You might want to look at how TextraTypist handles this. It has a separate TextureAtlas that allows looking up the emoji bitmaps given their human-enterable names, which are Strings and not single chars (because that emoji I just showed is 12 chars, it really needs a String).

We can't change this easily without making keyTyped() return a String, which would be quite strange if each keystroke was its own String. That many String objects would also make Android's underpowered GC contemplate catching fire to end its suffering. There is probably some partial solution that gets words as they are entered, or something? I don't really know how native Android and iOS apps handle their autocorrect and emoji entry.

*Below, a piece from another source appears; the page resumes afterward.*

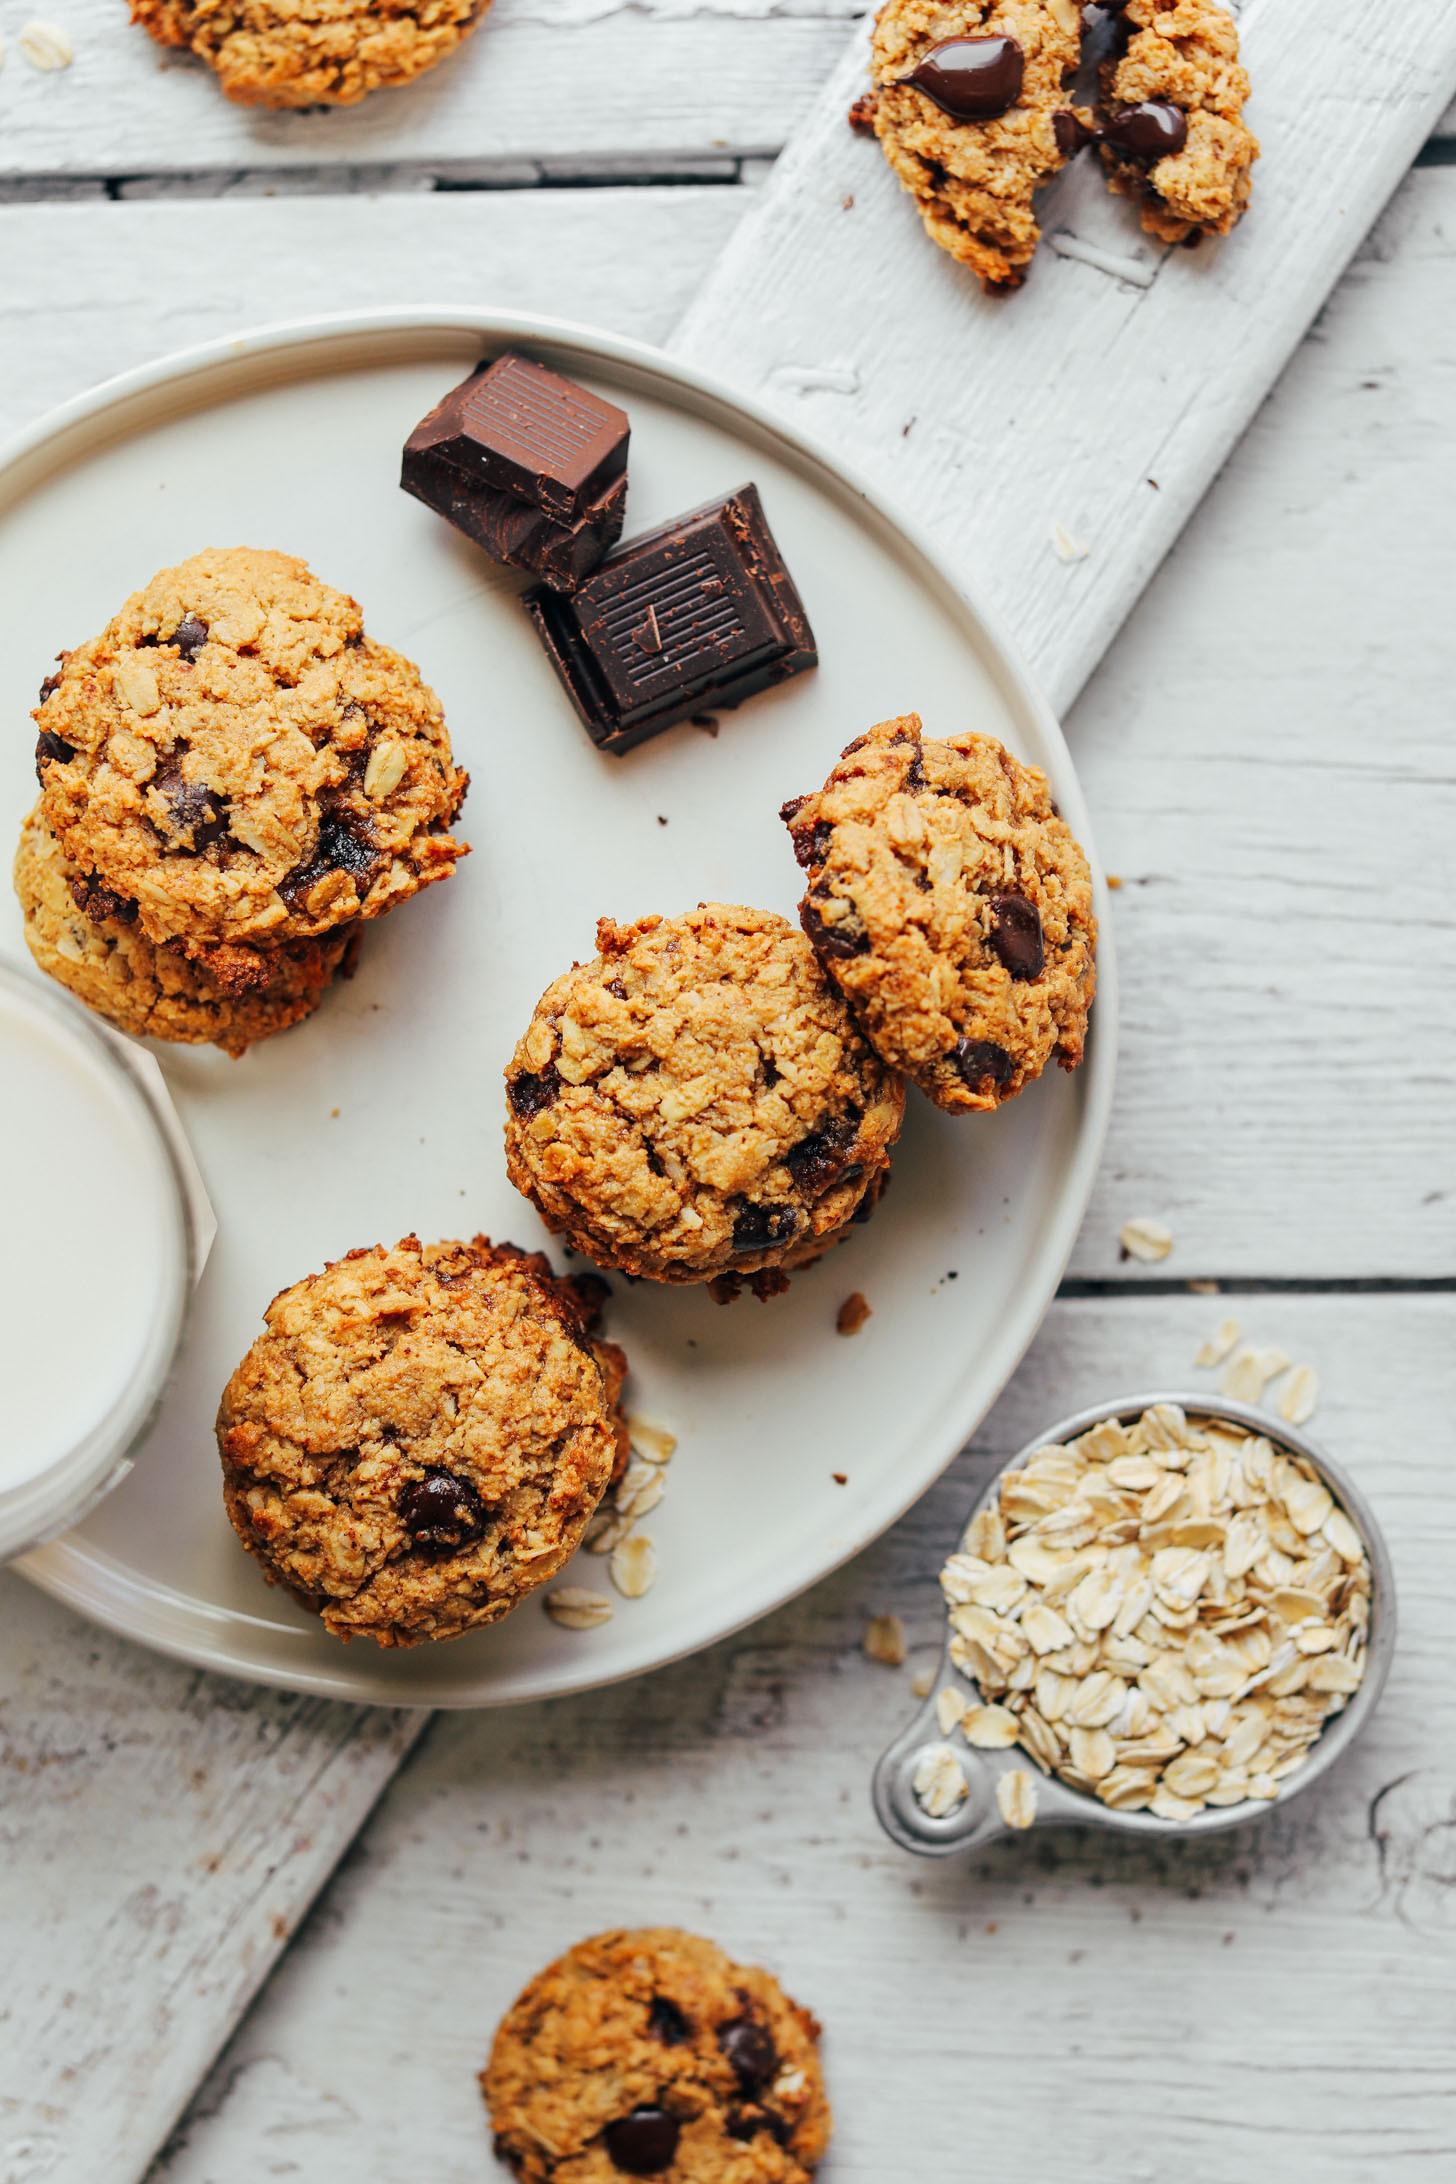 Healthy Homemade Oatmeal Cookies  Gluten Free Oatmeal Chocolate Chip Cookies
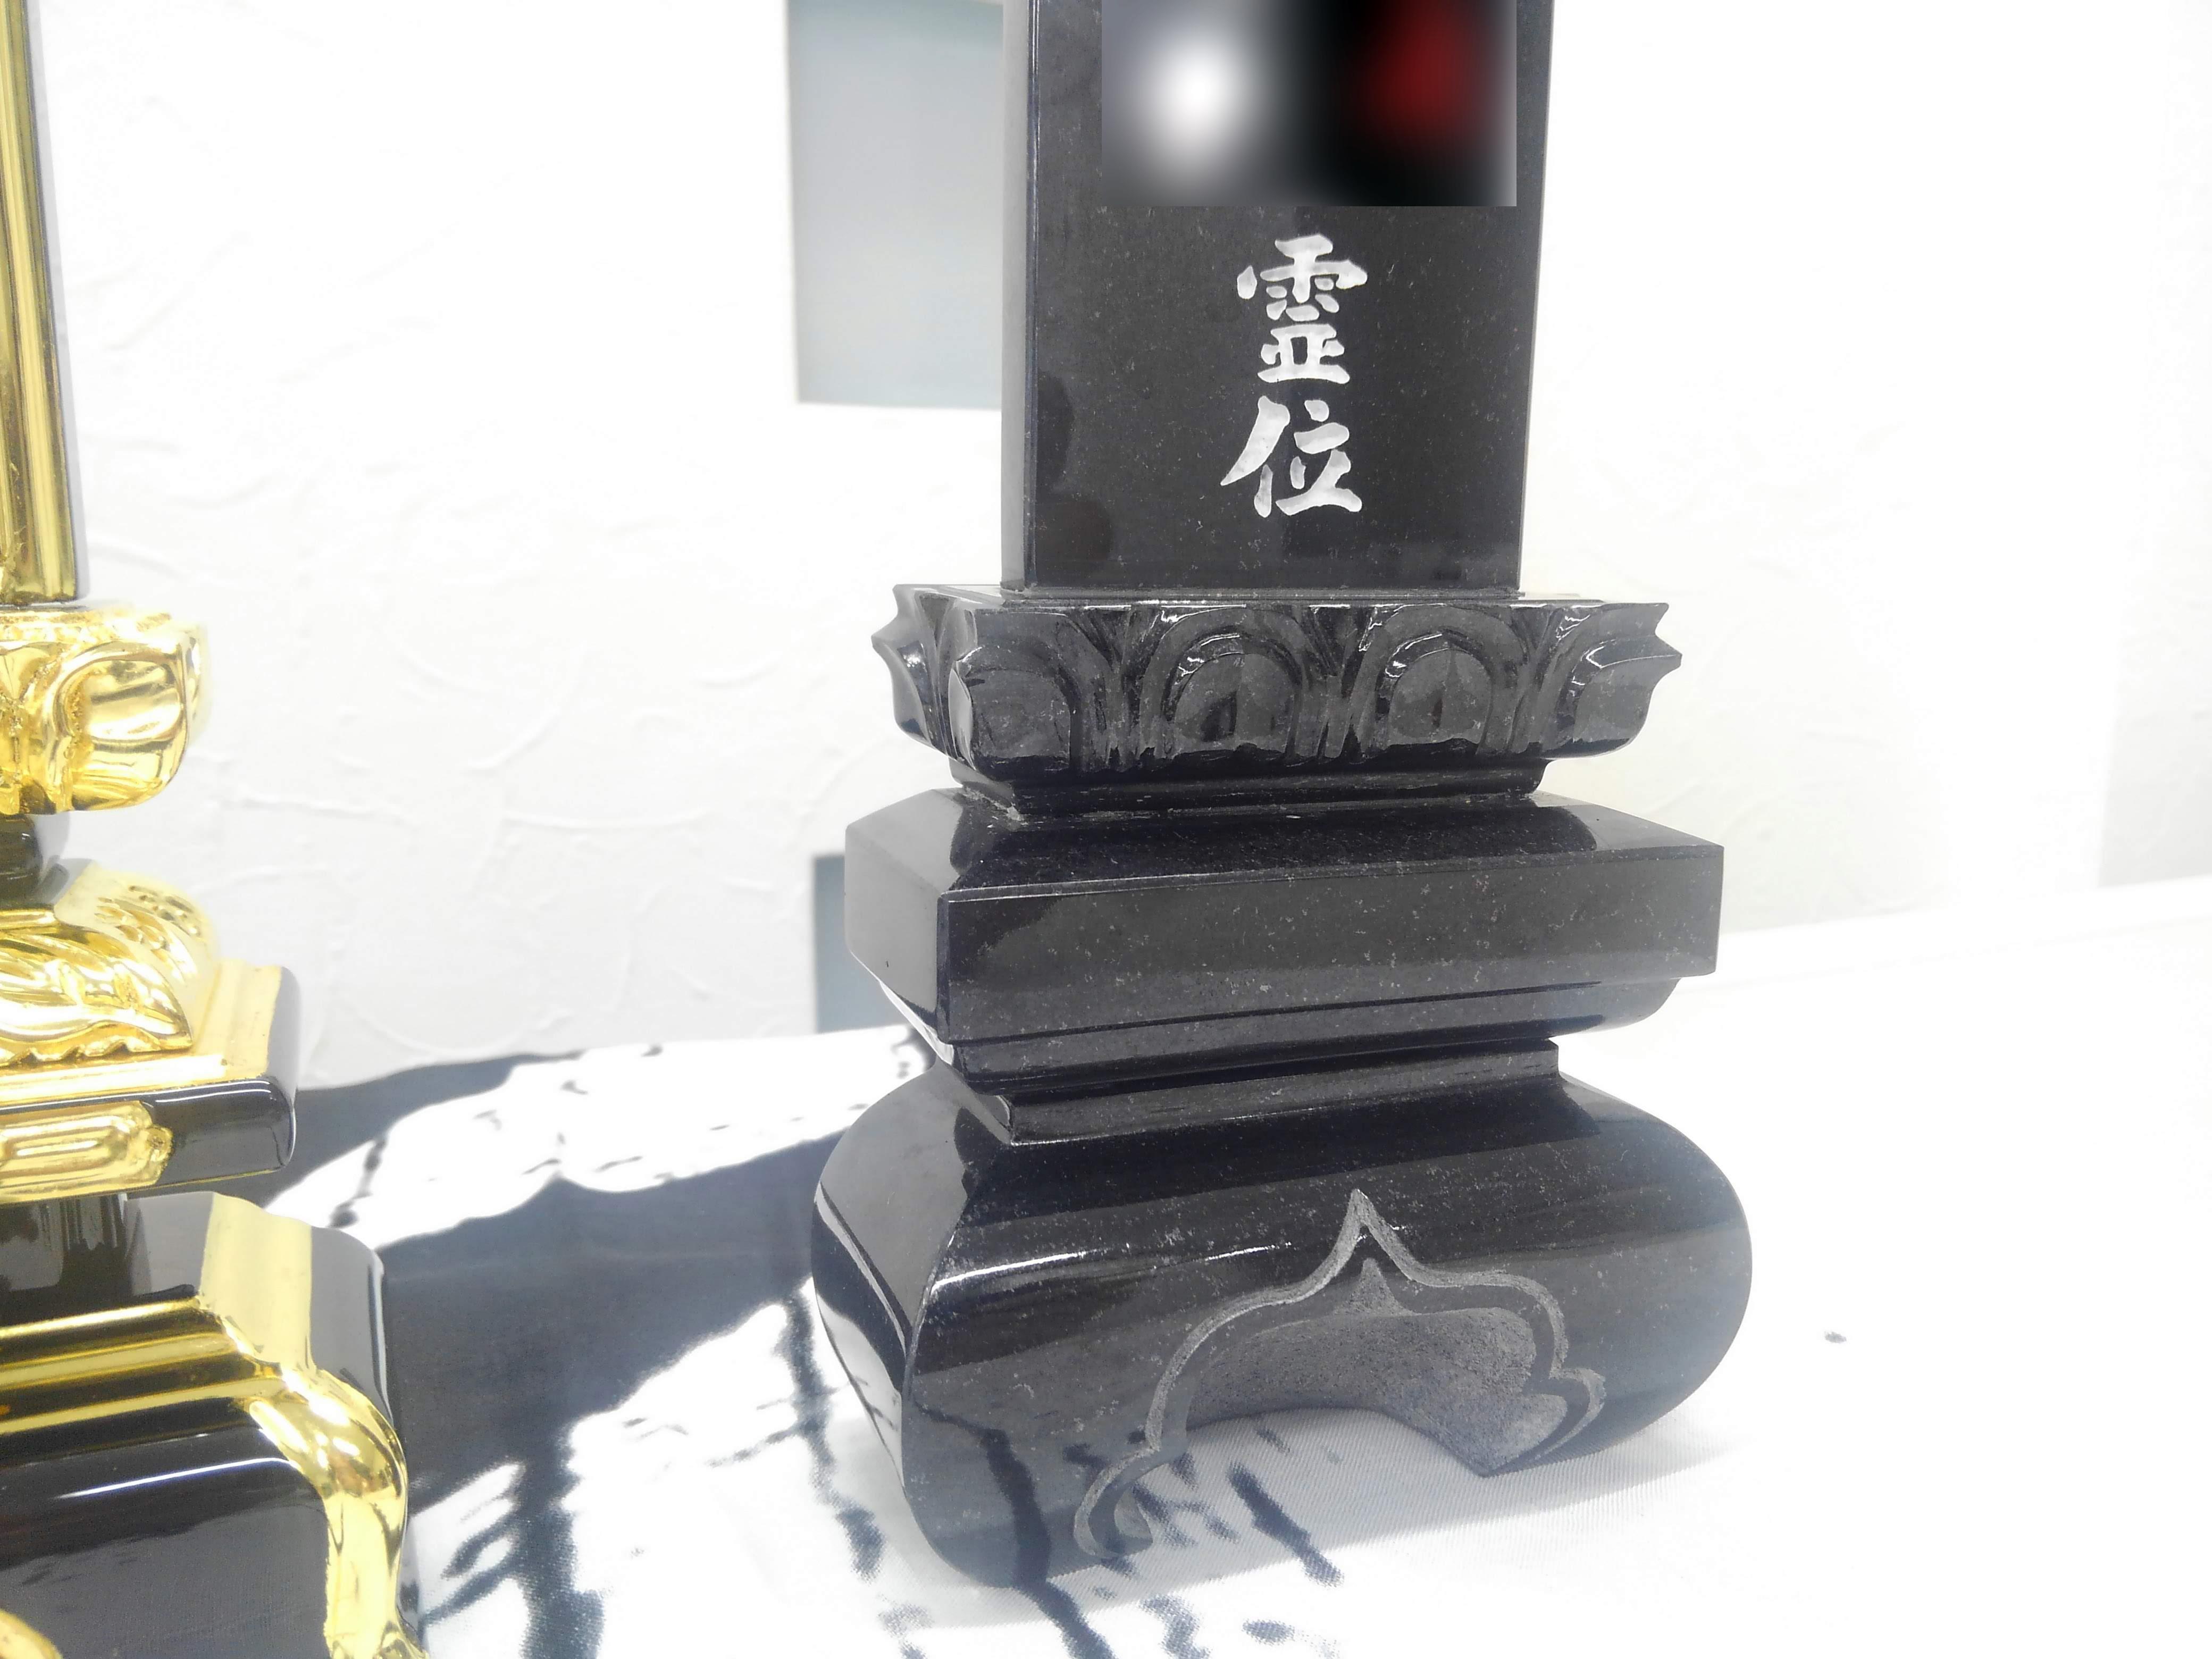 https://www.morita-stone.co.jp/weblog/img/20181010%E7%9F%B3%E3%81%AE%E4%BD%8D%E7%89%8C1.jpg

I think this should be closed as not planned, but I'd like to hear what other people think.

@LobbyDivinus
Copy link
Author

Yes, emojis can be hard. My argument would be that given that glfw sends a 32 bit code point it may be beneficial to send that exact code point to the application using a surrogate pair to let the application handle it (assuming that the application builds up an input string by appending the characters it receives via keyTyped). From my testing the glfw callback gets called multiple times when multiple code points are in play for a single emoji. Issuing keyTyped multiple times then - dependent on the code point entered - should not be a big deal and wouldn't require to change existing applications and the interface would not change.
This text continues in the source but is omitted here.